Erkältung: Im Alltag

Bei Erkältung Sport machen?

© PantherMedia / Dmitriy Shironosov

Eine Erkältung (grippaler Infekt, österreichisch Verkühlung) ist in der Regel nicht gefährlich. Um Komplikationen zu vermeiden, sollte jedoch in bestimmten Situationen auf zusätzliche Risikofaktoren verzichtet werden. Dazu zählt in jedem Fall die sportliche Betätigung.

Was bei einer Erkältung im Körper passiert, warum Sport gefährlich sein kann, und wann er noch möglich ist, soll im Folgenden erklärt werden.

Medizinische Fakten

Bei einer Erkältung kommt es zu einer Entzündung der oberen Atemwege. Dabei treten Symptome wie Schnupfen (Rhinitis), Husten (Tussis), Halsschmerzen und eventuell leichtes Fieber (Pyrexie) auf. Während einer Erkältung sollte auf Sport verzichtet werden. Auch Sport lässt Entzündungsprozesse ablaufen und kann so zu einer Verschlechterung der Symptomatik führen.[1] Zudem muss der Körper all seine Energie auf den Genesungsprozess konzentrieren.

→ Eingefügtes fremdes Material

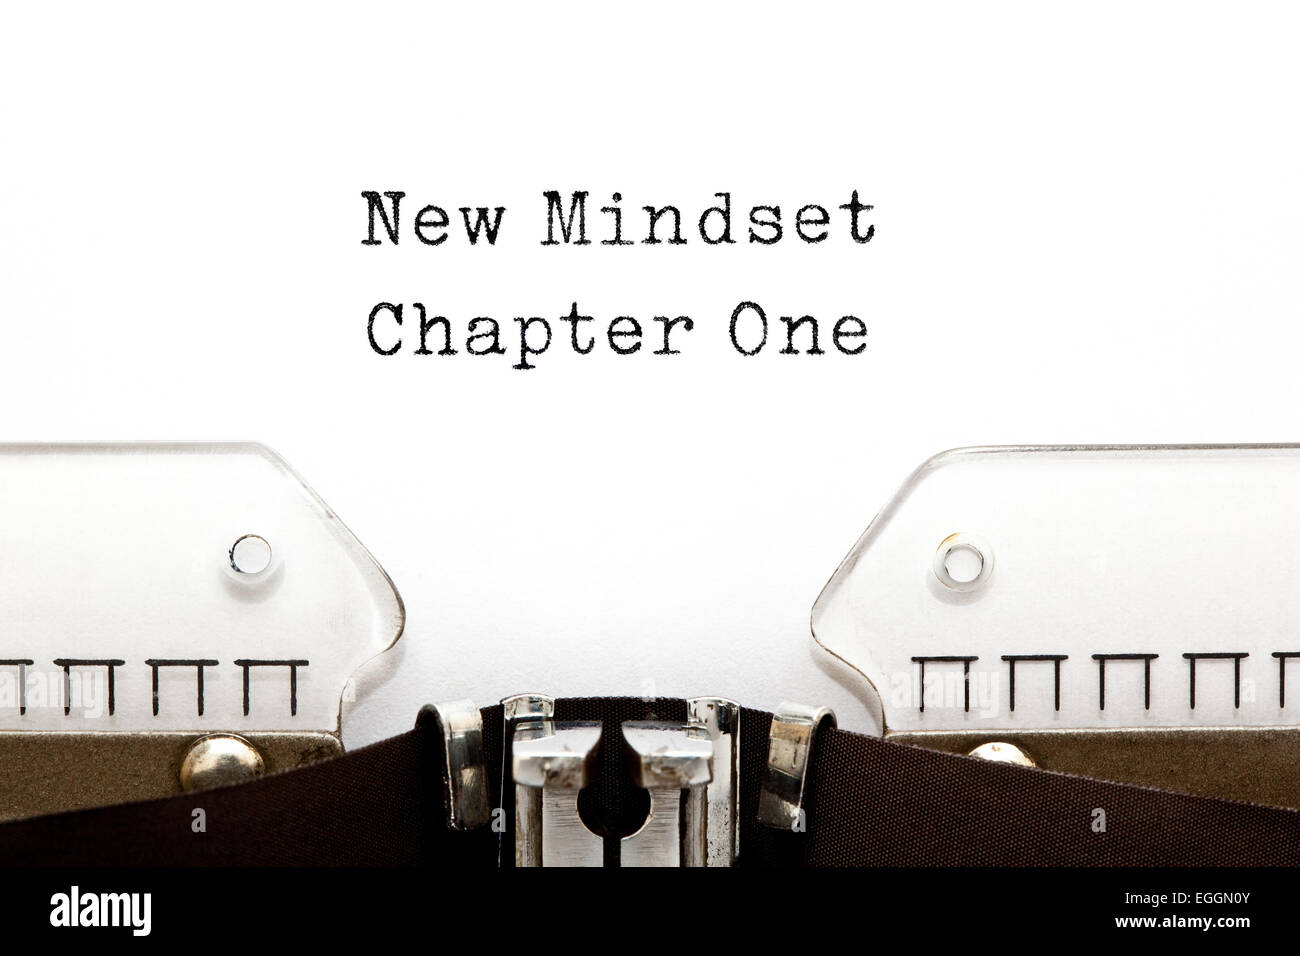 New Mindset Chapter One printed on an old typewriter. Stock Photo

Nach einer Erkältung sollte nur langsam wieder mit dem Sport begonnen werden.[2] Dabei ist es gut, im niedrigen Pulsbereich anzufangen und den Belastungspuls nur langsam wieder zu steigern. Extreme Ausdauerleistungen und Spitzensport sollte erst zwei bis drei Wochen nach einer Erkältung wieder mit voller Intensität betrieben werden. Besteht nur ein kleiner Schnupfen, ist gegen leichte sportliche Aktivität nichts einzuwenden.

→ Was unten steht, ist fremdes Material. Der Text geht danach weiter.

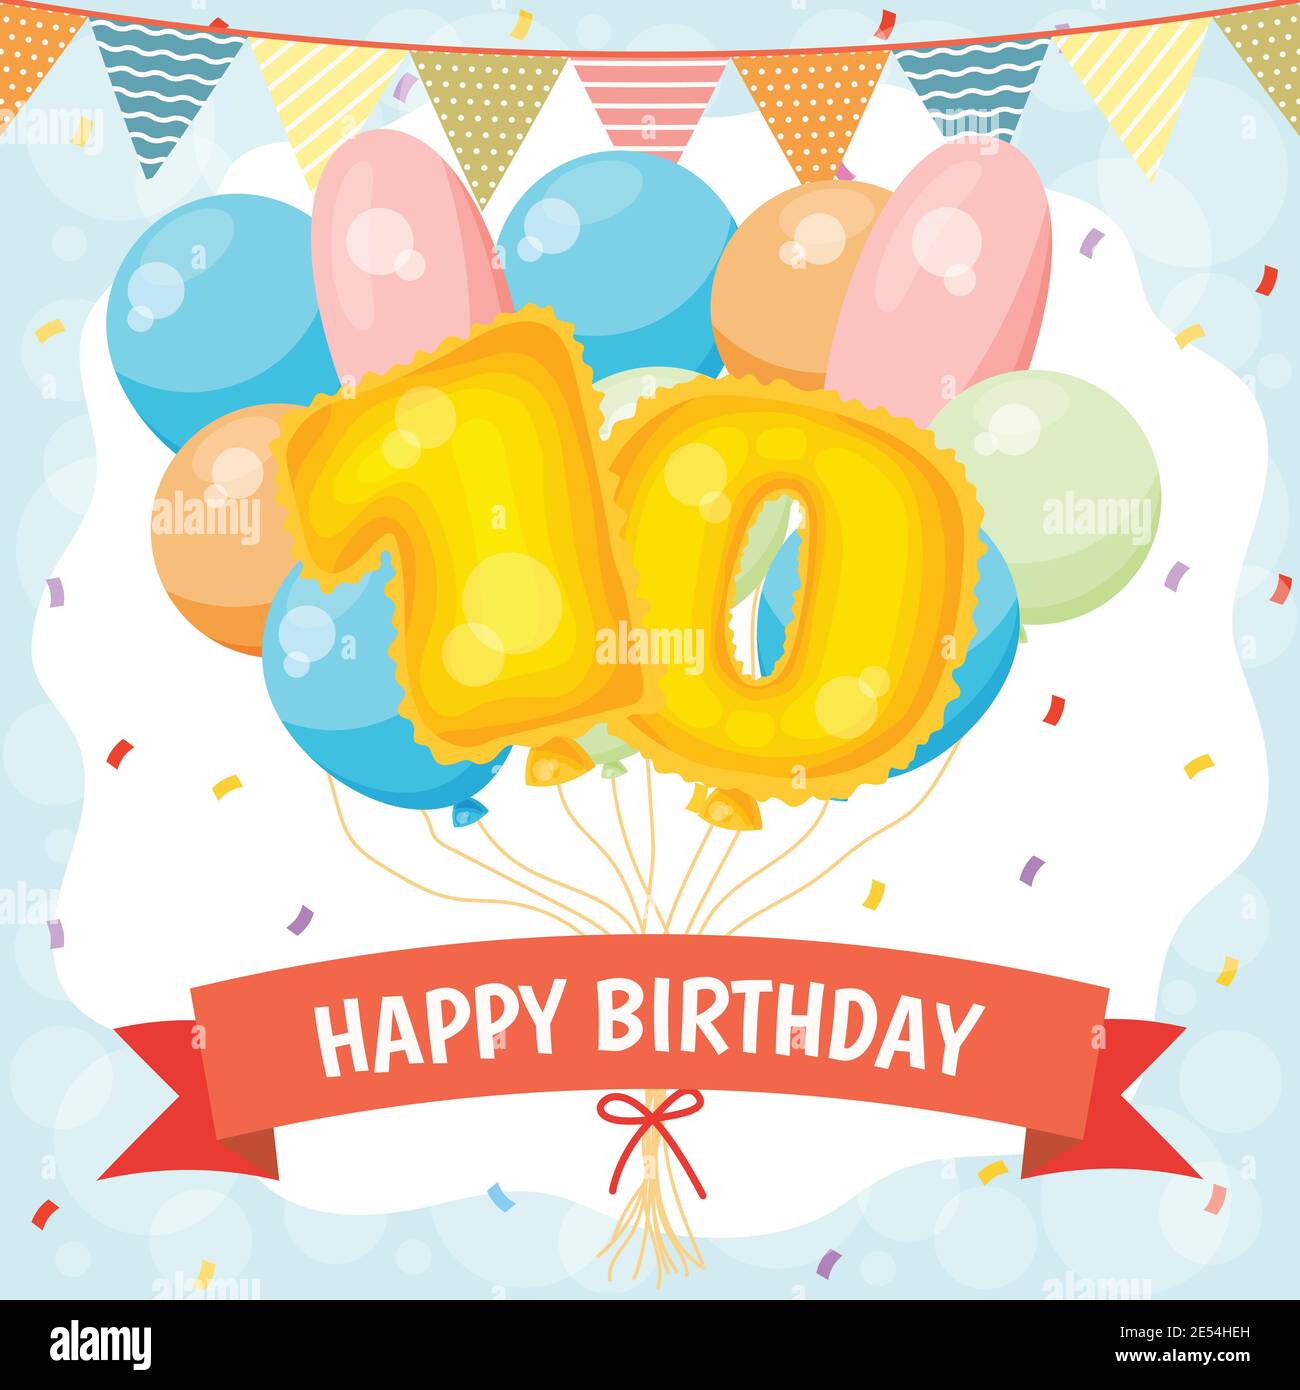 Happy Birthday Greeting Card With Big Foil Number Balloon, Colorful

Wirkungsweise (Biologischer Zusammenhang)

Eine Erkältung führt in der Regel zu einem Entzündungsprozess in den oberen Atemwegen. Dieser wird durch Viren oder Bakterien hervorgerufen, die Krankheitserreger befallen die Schleimhäute und zerstören Zellen. Durch diese Entzündungsprozesse wird das Immunsystem aktiviert. Es produziert daraufhin sogenannte Antikörper gegen die Krankheitserreger. Dazu benötigt es Nährstoffe und Energie.[3]

Sport bedeutet eine zusätzliche Belastung für den Organismus. Auch hierfür wird Energie benötigt. Um diese Energie zu beschaffen, wird die Funktion des Immunsystems eingeschränkt. Krankheitserreger könne sich so schneller im Körper ausbreiten und weniger schnell bekämpft werden.

Risiken

Das größte Risiko bei einer Erkältung besteht darin, dass sichKrankheitserreger weiter im Körper ausbreiten und dabei andere Organe befallen. Im schlimmsten Fall kann es zu folgenden Krankheitsbildern kommen:

  • Entzündung der Bronchien (Bronchitis)
  • Entzündung der Lunge (Pneumonie)
  • Entzündung des Herzmuskels (Myokarditis)

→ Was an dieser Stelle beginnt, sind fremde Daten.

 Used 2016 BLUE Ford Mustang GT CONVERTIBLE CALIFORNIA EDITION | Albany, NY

Bei einer Herzmuskelentzündung kann es zu Herzrhythmusstörungen und schließlich zu einem Herzstillstand kommen.

Außerdem kann es auch zu einer zusätzlichen bakteriellen Infektion kommen. Eine bakterielle Infektion geht meist mit schwereren Symptomen einher und hält länger an als eine virale Infektion.[4]